The Museum of Natural History in Turin is a beautiful structure, built as a hospital in the 17th century to create a centre for the emerging discipline of practical, scientific, evidence-based medicine. On 14 October, however, it’s being turned into the “Time Machine Factory”. A number of eminent physicists are coming together to make the case – to each other, at least – that time travel is possible.
Time is certainly slippery. Our best model for getting to grips with it is Einstein’s special theory of relativity, which says there is no such thing as absolute, objective time. It ticks one way for you and differently for someone accelerating towards or away from you. After six months on the orbiting International Space Station, for instance, the astronauts return to earth seven milliseconds younger than they would have been if they had remained with the rest of us.
We know this to be correct because our GPS works. The GPS satellites, which orbit the earth at 14,000 kilometres an hour, are also subject to this “time dilation” and their signals have to be put forward by seven microseconds a day to compensate.
But, confusingly, we also know relativity must be wrong. That’s because we have a deeper theory governing processes in the universe – quantum theory – and the two don’t mesh well.

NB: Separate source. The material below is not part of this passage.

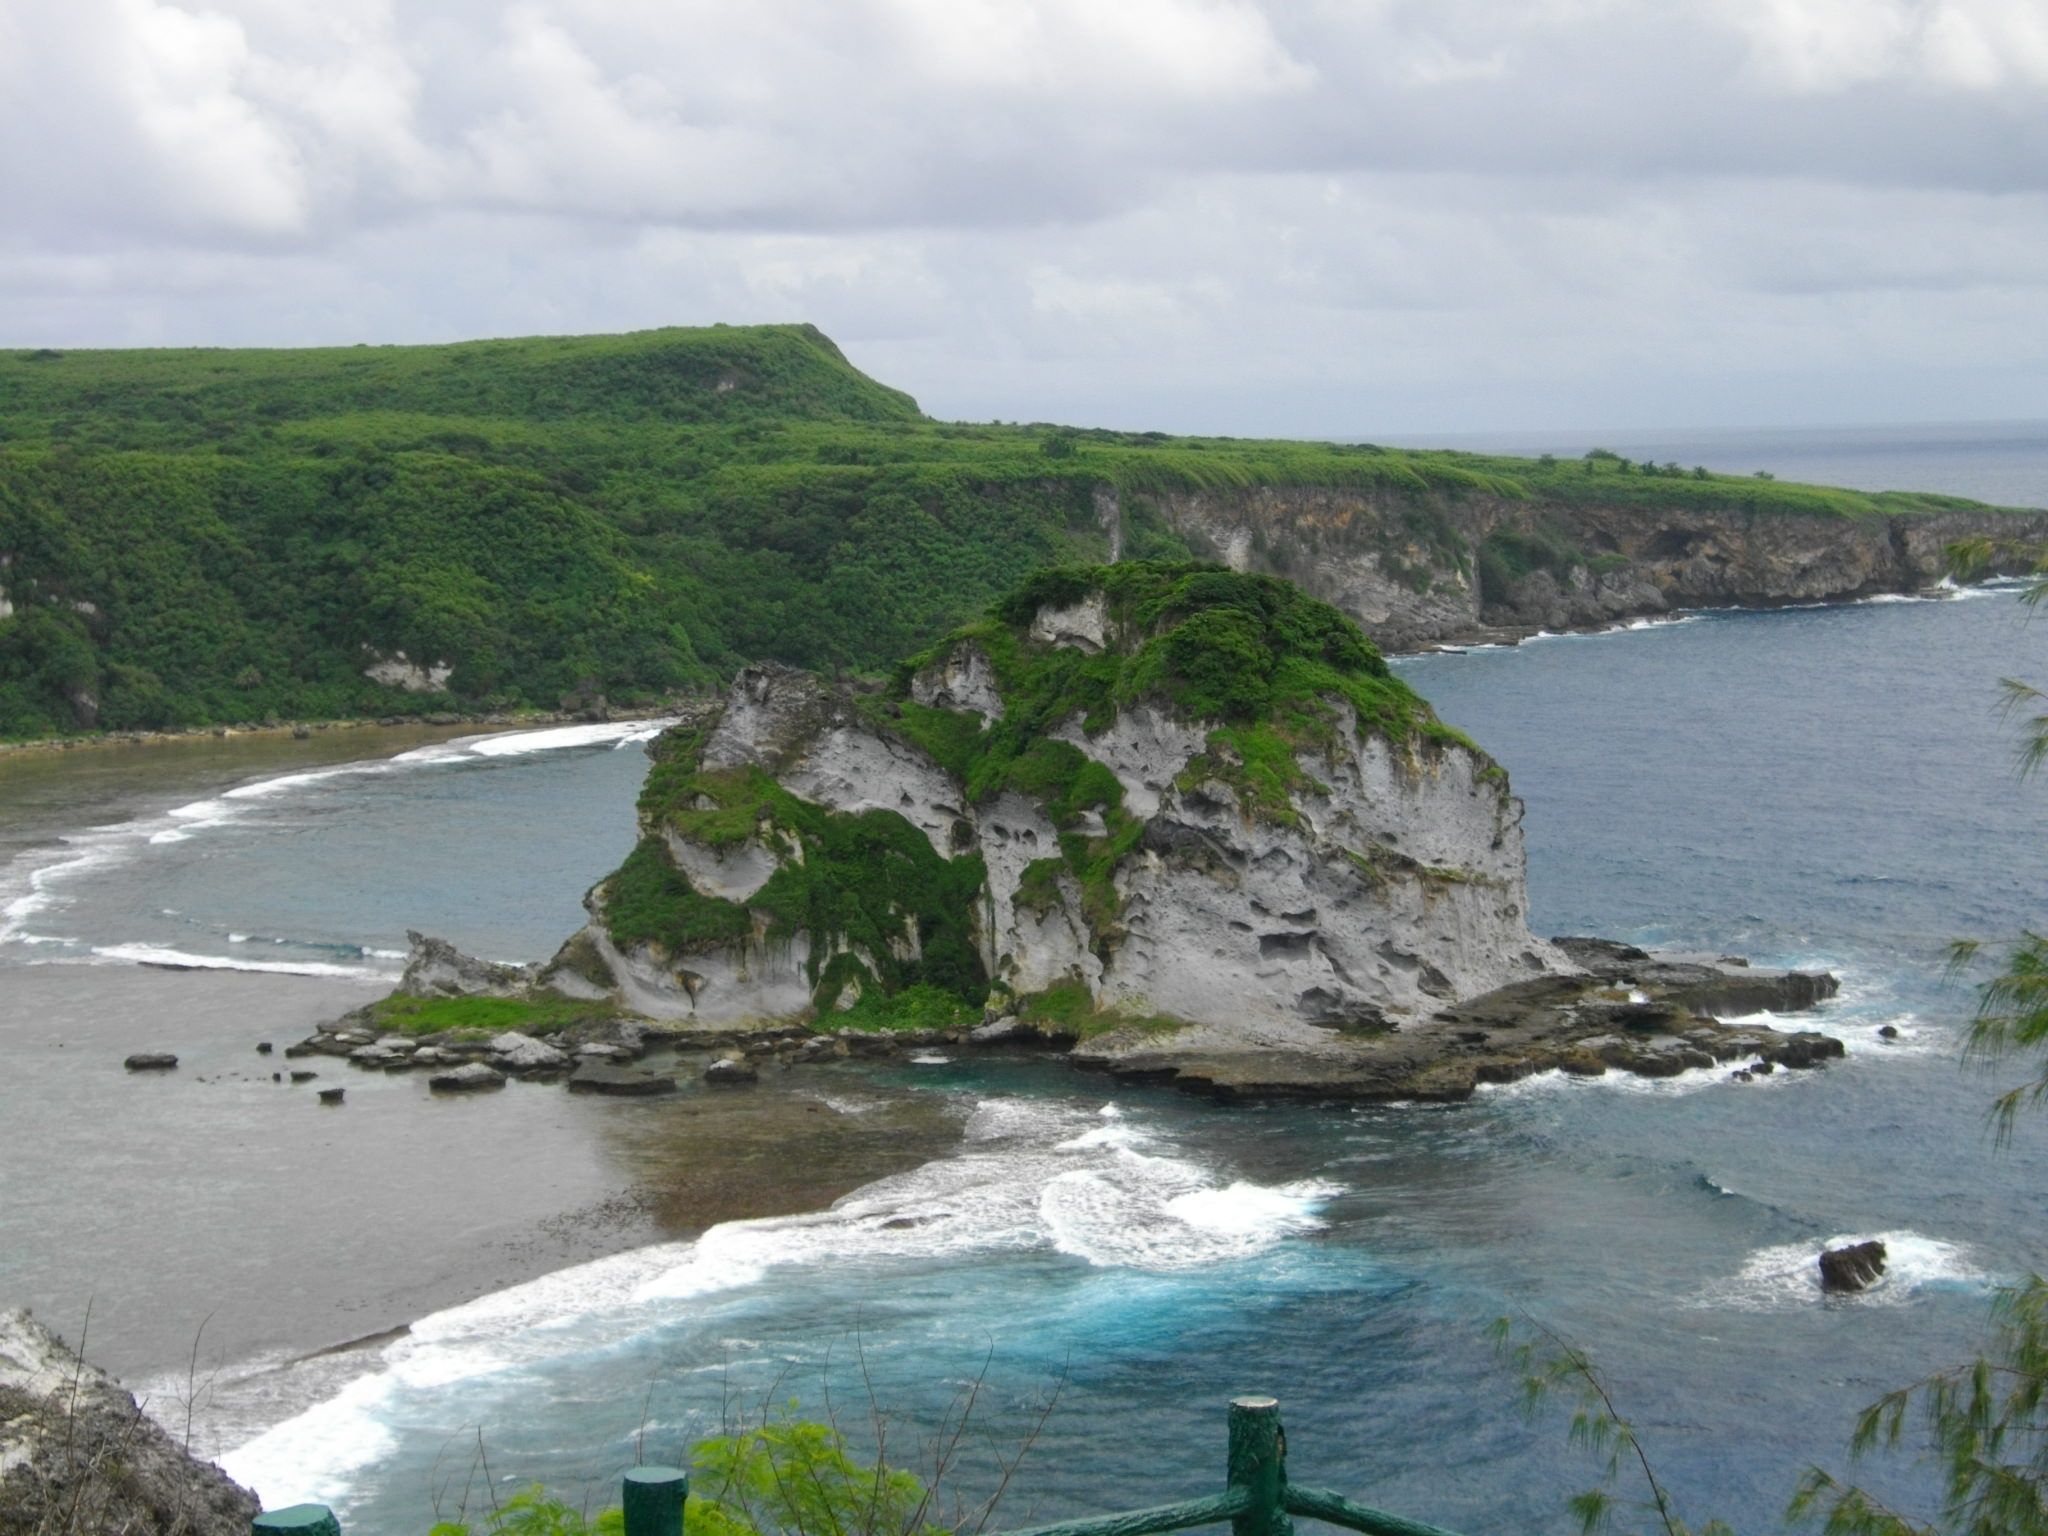 Northern Mariana Islands cannabis, US territory makes adult-use cannabis legalization breakthrough
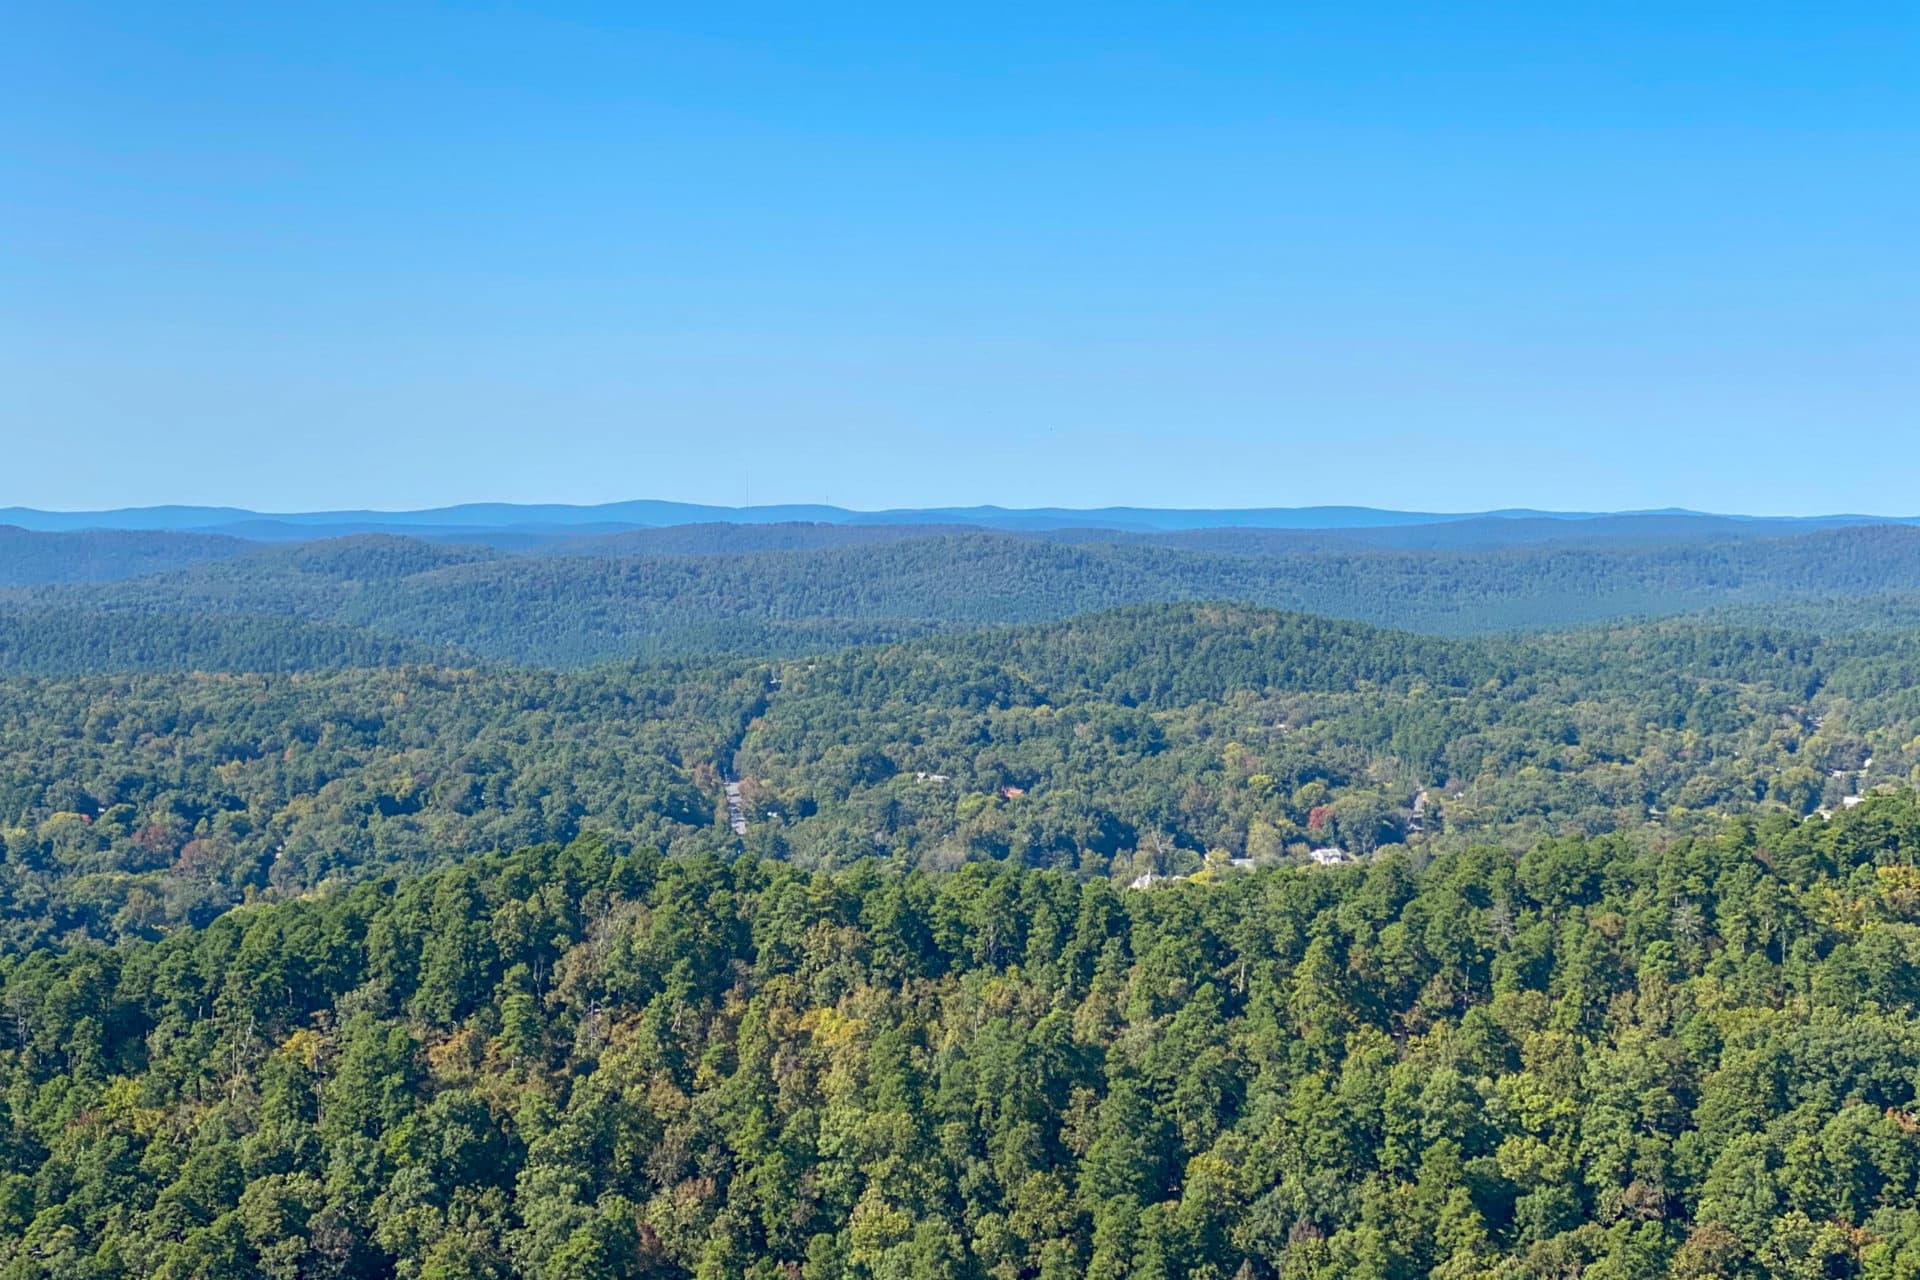 The view from the Hot Springs Tower gives visitors a 360-degree panoramic view of the park.

The mismatch is largely because quantum theory doesn’t require a concept of time at all. Though that seems ridiculous, experiments have shown that many of the fundamental subatomic particles pay no attention to time; they are as happy travelling forward in time (from our perspective) as backward. Expanding on this, the Oxfordshire-based physicist Julian Barbour, who is participating in the Turin conference, has repeatedly claimed that time is an illusion.
The universe, he says, is static in time, with no past and no future: that is, there is no such thing as time. Barbour, it’s worth pointing out, is taken very seriously.
All this is fascinating, but there is almost no practical benefit to researching time travel. Some physicists like to argue that GPS wouldn’t work without our understanding of relativity but it would –we would observe the signals going awry and program in a correction. It’s fair to say that understanding the human grasp of time might have some benefit for those whose brain signals tend to go wrong. Attention deficit hyperactivity disorder, for instance, has been linked to misfiring time perception circuitry in the brain’s frontal lobe, basal ganglia and cerebellum. It is difficult, though, to make the case that hyperactive children will benefit from our attempts to build a time machine.
Time out of mind
Yet the attempts will continue – because we are human. As a species, we are slaves to time and clearly enjoy escaping it, even if only in our imagination.
As Stephen Hawking said when excusing himself for researching cosmic engineering projects born from ideas in science fiction: “To confine our attention to terrestrial matters would be to limit the human spirit.”